Pop Culture Rant of the Week: Clapbacks, Stans, and Cancel Culture Are Ruining Us


At the end of 2018, Wynter Mitchell, a digital strategist and panelist on one of my favorite podcasts, Pop Rocket, expressed her frustration with stan culture:


I can't agree more.

Simply put, that cesspool Mitchell calls the internet has infected us. It's no secret that social media has changed the way we live our lives. We know -- or we think we know -- everything about classmates we haven't seen since the 90s. Reactions are more instant. Movements are galvanized faster. As a result, the way we treat and regard each other, especially across these platforms, hasn't necessarily changed for the better. And at the risk of sounding like a "get off my lawn"-screaming retiree, this is especially applicable to a certain generation that came of age during the era of snaps, likes, follows, and subscribes.

Many things have been written about the dangers of stan culture, especially when it comes to the role of critics in pop culture. (I won't reiterate it here; you can read the great articles I just hyperlinked.)

Back in 2017, before the term even entered my vocabulary, I started to recognize just how much traction stan culture was gaining. That was the year MTV's VMA ceremonies were particularly feisty. There was enough shade thrown around to fill several episodes of The Real Housewives of Atlanta.


This was the year Fifth Harmony flung a body double of former member Camila Cabello off a platform -- clearly symbolic of the girl group's feelings about the singer's abrupt departure. Then, there was the debut of Taylor Swift's video for "Look What You Made Me Do," the lead single from her highly-anticipated Reputation. It was chock-full of reactionary references and imagery designed as a message to her haters and so-called enemies. (Apparently Taylor can't "shake it off," and if you ask me, the song should've been retitled "The Petty Anthem.") Meanwhile, unfunny host Katy Perry took a shot at Justin Bieber for forgetting the lyrics to "Despacito," Adam Levine tweeted about how "utterly horrible" the show was, and Girls Trip star and presenter Tiffany Haddish took to the mic to express to her "stupid-as-hell exes" just how much she is "out here killing the game."

The behavior inside the The Forum that night perfectly demonstrated where we were -- and still are -- in popular culture. The venue became its own cesspool, filled with celebrities on the offensive. And all of the clapbacking on display were arguably symptoms of a stan culture that has affected not only the constantly consuming public but the celebs who find themselves on the receiving end of such intense worship.

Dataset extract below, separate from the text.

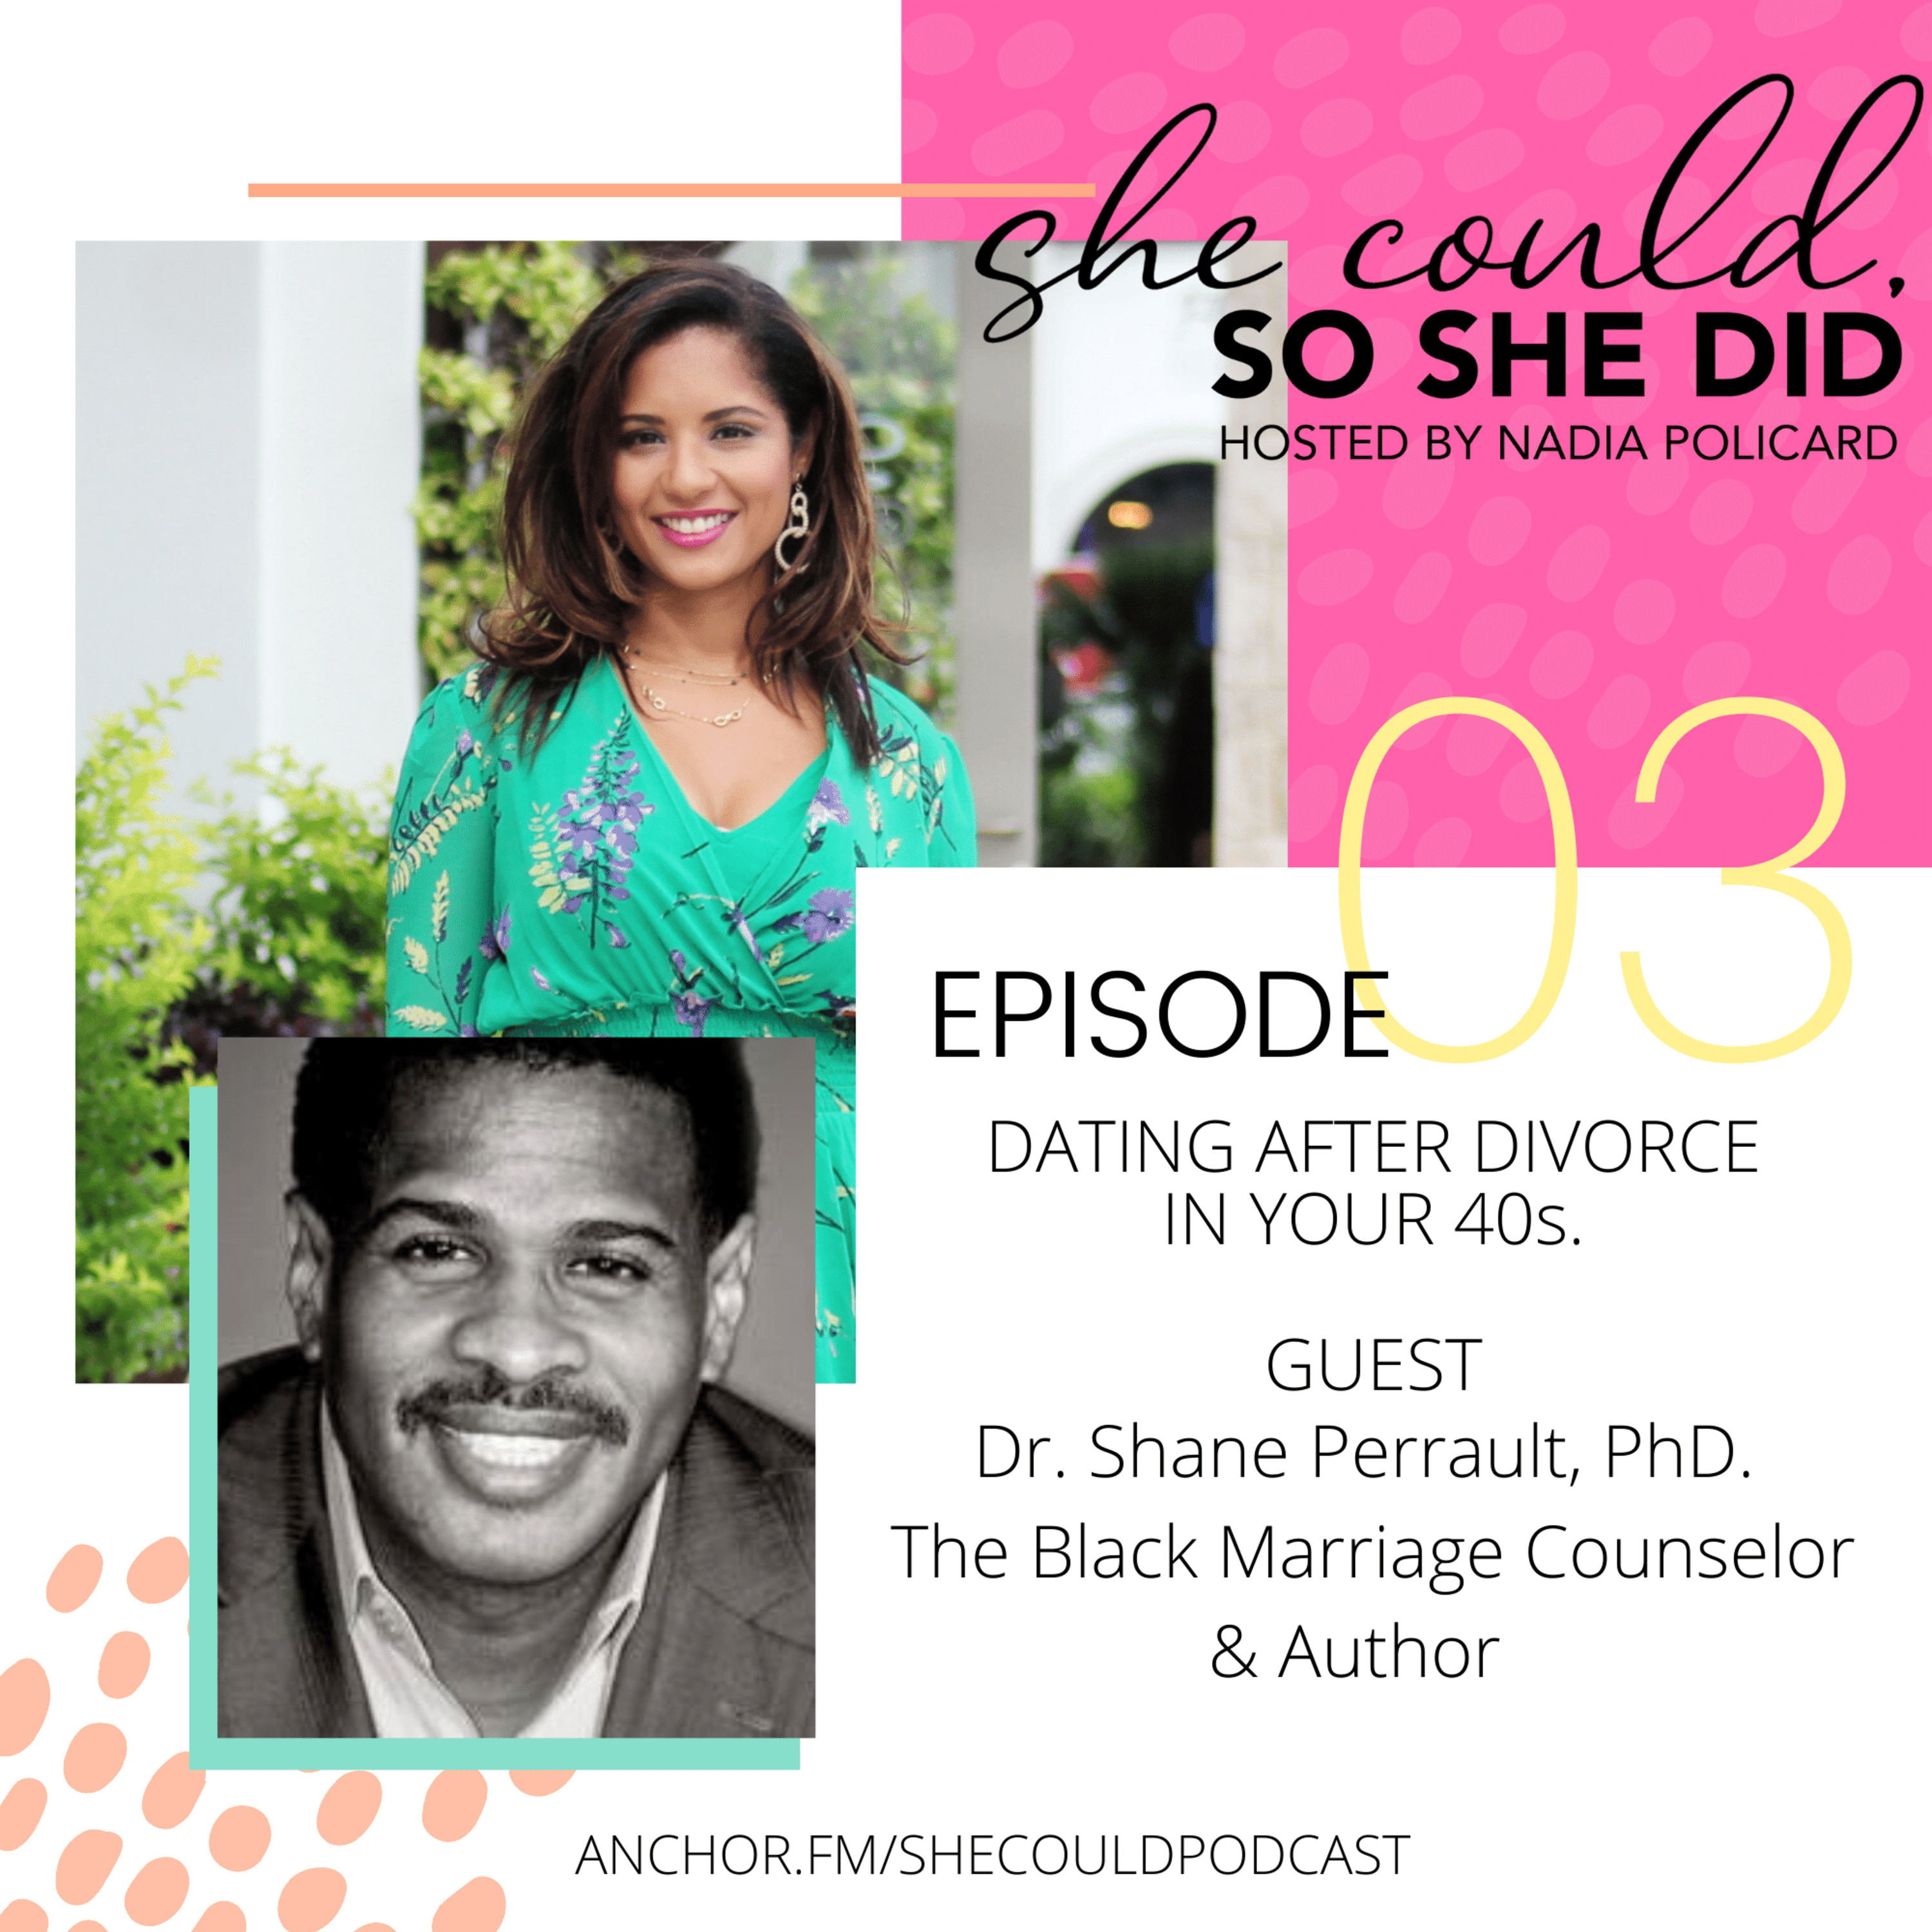 Episode 3: How to Choose the Right Man: Three Key Criteria From a Marriage Counselor and Author

These are the pop artists who are rapidly built up by their rabid fans and regularly find themselves in the middle of Twitter feuds exacerbated by their overly expressive base. Just ask Cardi B, Nicki Minaj, Justin Bieber, Ariana Grande, Selena Gomez, or Shawn Mendes... Well, you can't literally ask them. But you can take a gander at their feeds on any given day of the week to see what shit stirrers are flinging insults (usually misspelled, with poor grammar) at fans of other artists, daring each other to "@ me." It's an endless cycle in which everyone feeds off each other's shittiness.

If I hear one more singer reductively say how she has "the best fans in the world," I'm going to throw my brand new MacBook Air off my bedroom terrace.

And God forbid one of those celebs or anyone in the public eye makes a faux pas, because only then will a few loud people convince thousands if not millions of others to "cancel" that someone. Even after an obligatory apology tour. Yes, we're all in agreement when we say we're canceling someone as heinous as R. Kelly, but canceling, say, a YouTuber because he ignorantly wore a T-shirt brand that was made by an indigent seven-year-old in Thailand is taking it too far. Are you really going to unsubscribe from his channel and unfollow him on Twitter and Instagram? What if he really didn't know what it meant? What if he received the shirt as a gift from his great-grandma who is now in hospice and can only eat solids through a straw?

No one cares about the nuances of someone's circumstances because no one wants to take the time to learn about them. You're either awesomely untouchable, the greatest of all time...or you're a dumb, flaming trash heap who deserves the thousands of death threats you receive. And there's plenty of people who will agree with you because we're all shouting into one big digital echo chamber on a daily basis. Folks, therein lies the endangerment of empathy.

God, where the hell am I going with this?...

As someone who is a passionate fan of many things, it is somewhat difficult to indict others of taking their fandom way too far. I too have been guilty of reactionary posts (you're reading one), contributing to the vitriol, and negatively commenting on something I disagree with (see the aforementioned jab at Taylor Swift). In fact, some bloggers, journalists, and those in between have made a living doing just that. They have even come up with a term to describe such opinionated writings: the thinkpiece. It sounds nice, doesn't it? It's a great portmanteau that can be used to disguise someone's disdain or disgust as a reasonably intelligent and articulate argument.

And if you don't like anything I'm saying...well, you can just @ me.